══ DATA EXCERPTS
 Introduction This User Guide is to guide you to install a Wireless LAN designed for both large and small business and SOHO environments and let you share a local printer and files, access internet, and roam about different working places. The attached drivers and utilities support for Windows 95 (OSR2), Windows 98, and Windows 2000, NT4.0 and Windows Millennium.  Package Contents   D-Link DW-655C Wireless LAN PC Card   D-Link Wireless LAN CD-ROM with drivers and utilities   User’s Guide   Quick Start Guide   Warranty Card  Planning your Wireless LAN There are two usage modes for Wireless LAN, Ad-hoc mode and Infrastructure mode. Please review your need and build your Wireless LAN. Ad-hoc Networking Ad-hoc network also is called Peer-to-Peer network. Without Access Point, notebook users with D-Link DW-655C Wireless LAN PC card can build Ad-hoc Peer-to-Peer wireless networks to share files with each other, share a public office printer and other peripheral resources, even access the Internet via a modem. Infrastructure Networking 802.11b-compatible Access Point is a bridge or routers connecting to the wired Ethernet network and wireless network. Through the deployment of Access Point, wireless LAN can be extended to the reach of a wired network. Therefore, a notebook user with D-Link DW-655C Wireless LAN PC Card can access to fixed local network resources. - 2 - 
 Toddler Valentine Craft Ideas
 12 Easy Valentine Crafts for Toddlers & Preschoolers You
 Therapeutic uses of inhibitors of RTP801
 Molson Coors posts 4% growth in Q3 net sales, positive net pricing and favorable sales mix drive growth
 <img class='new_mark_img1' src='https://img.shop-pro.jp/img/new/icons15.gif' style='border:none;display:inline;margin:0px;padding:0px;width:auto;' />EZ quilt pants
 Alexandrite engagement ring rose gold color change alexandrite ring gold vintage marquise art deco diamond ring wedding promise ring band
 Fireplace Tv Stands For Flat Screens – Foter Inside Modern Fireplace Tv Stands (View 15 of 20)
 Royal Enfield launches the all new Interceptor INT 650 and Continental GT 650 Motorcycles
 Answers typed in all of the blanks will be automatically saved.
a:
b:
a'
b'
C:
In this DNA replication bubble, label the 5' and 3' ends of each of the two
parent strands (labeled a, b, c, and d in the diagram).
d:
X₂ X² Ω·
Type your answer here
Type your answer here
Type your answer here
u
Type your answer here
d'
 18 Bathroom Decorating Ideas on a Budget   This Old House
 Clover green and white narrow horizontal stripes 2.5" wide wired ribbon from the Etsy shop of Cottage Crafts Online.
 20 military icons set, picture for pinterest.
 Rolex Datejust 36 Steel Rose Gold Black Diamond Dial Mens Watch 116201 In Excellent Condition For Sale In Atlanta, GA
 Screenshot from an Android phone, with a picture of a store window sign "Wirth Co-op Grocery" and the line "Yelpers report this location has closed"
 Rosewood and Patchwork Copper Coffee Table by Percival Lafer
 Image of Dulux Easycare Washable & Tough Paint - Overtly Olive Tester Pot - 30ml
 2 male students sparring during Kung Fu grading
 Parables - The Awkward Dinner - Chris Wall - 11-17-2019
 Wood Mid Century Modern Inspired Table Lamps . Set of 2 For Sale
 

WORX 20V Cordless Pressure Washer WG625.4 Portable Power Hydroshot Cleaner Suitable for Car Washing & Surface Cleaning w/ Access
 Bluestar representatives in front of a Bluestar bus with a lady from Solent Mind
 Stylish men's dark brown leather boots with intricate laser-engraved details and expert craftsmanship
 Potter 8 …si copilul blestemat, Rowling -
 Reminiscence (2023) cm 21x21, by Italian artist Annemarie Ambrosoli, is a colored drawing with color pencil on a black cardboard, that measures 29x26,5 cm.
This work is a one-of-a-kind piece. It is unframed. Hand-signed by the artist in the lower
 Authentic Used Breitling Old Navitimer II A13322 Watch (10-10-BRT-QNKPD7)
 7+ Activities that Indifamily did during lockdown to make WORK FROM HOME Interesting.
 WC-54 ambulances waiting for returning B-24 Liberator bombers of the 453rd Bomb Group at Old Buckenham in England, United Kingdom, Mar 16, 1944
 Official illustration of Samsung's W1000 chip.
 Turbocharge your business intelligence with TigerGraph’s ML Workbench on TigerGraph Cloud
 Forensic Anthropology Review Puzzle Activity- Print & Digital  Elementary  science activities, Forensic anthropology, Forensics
════
TO DO: State, with no accompanying text, how many lines of the material contain the string "Ideas".

RESPONSE TO THE TASK: 2